# What this task involves
Restate word for word the lines in the listing below, starting at the line containing "AC 450V 30uF" and ending at the line containing "Floor Plans Maker", both included; leave out the rest.
::: Source material :::
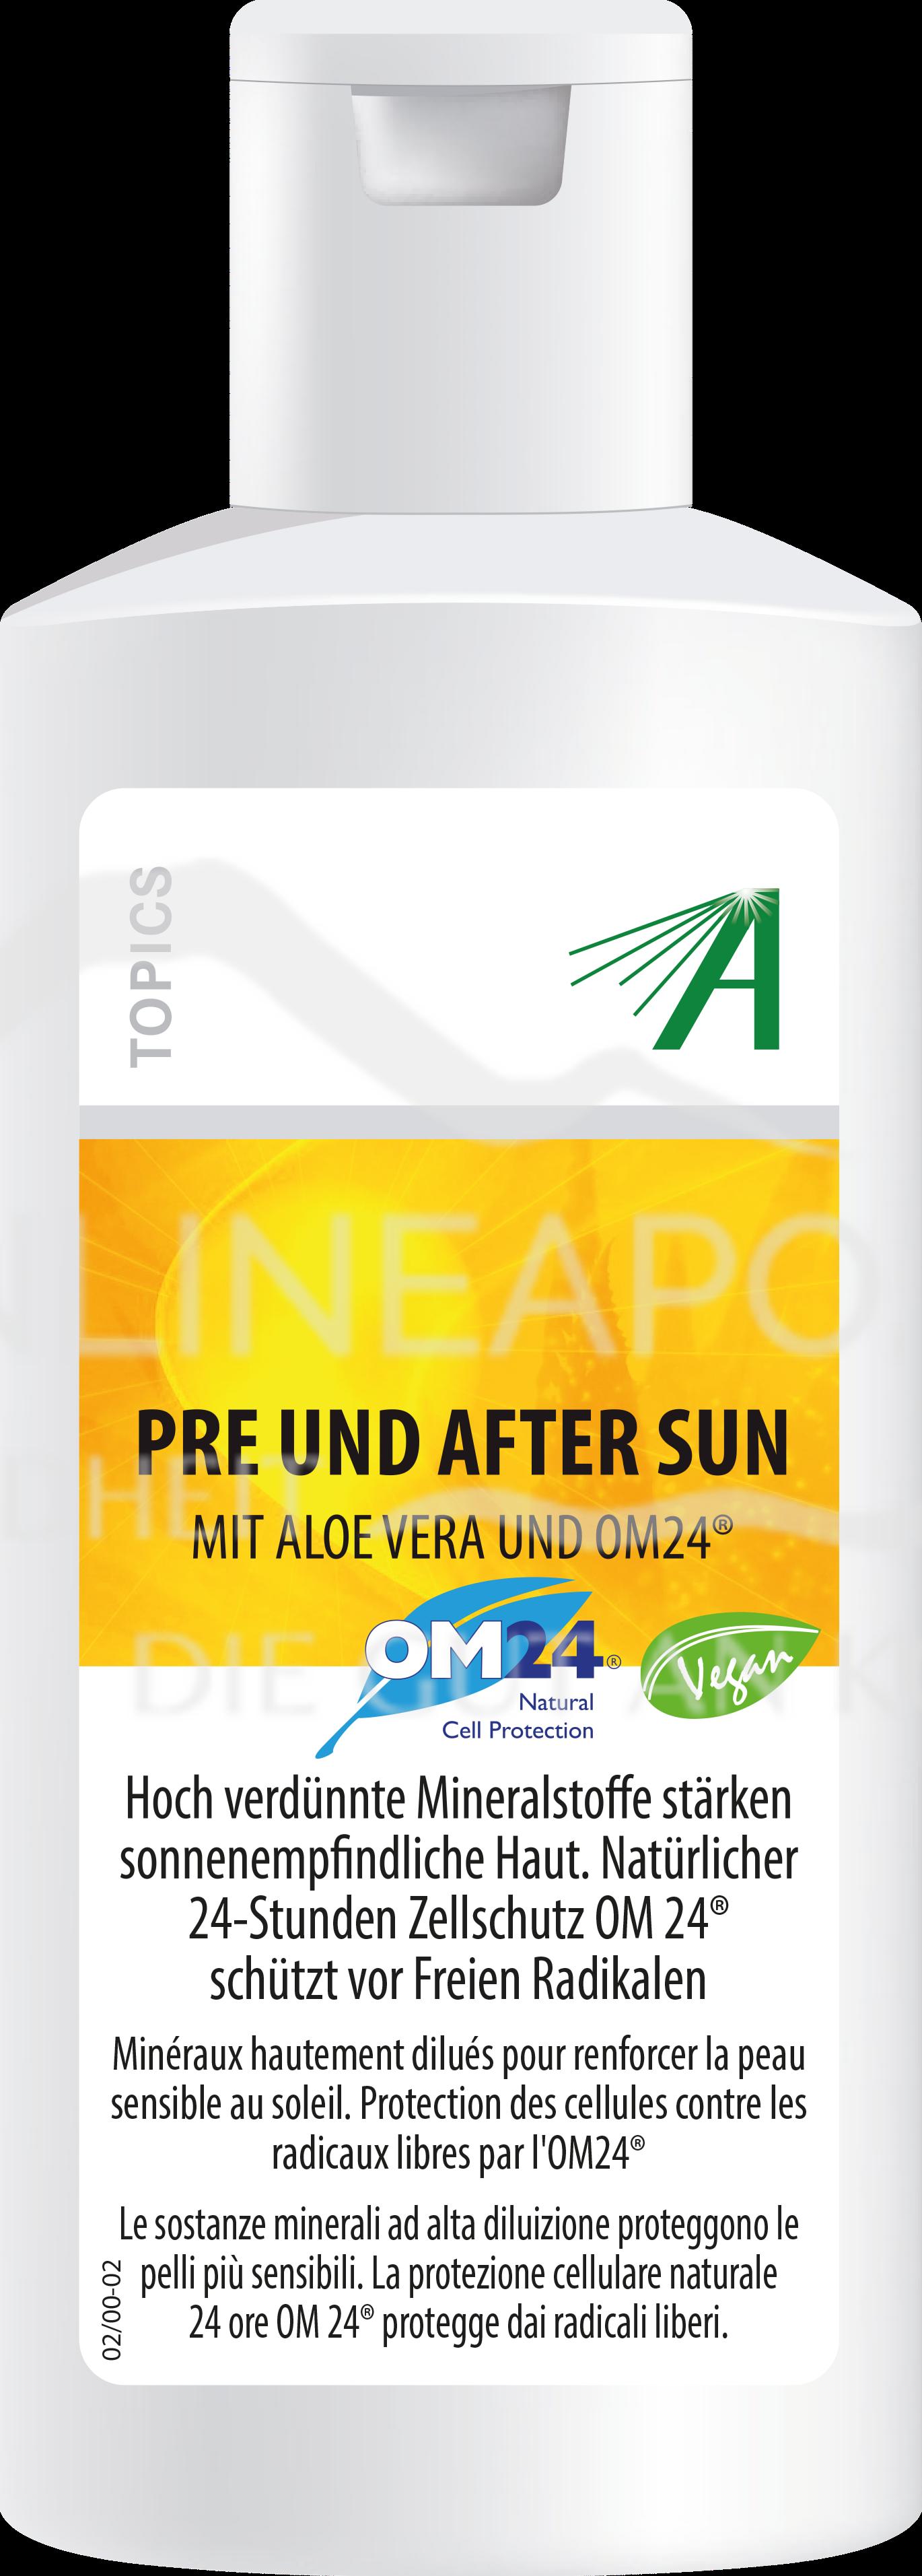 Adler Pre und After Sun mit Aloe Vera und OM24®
:::
::: Source material :::
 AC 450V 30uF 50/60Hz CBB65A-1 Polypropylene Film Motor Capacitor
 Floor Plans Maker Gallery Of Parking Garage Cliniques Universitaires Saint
:::
::: Source material :::
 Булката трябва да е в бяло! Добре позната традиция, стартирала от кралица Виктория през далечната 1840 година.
:::
# Answer area
 AC 450V 30uF 50/60Hz CBB65A-1 Polypropylene Film Motor Capacitor
 Floor Plans Maker Gallery Of Parking Garage Cliniques Universitaires Saint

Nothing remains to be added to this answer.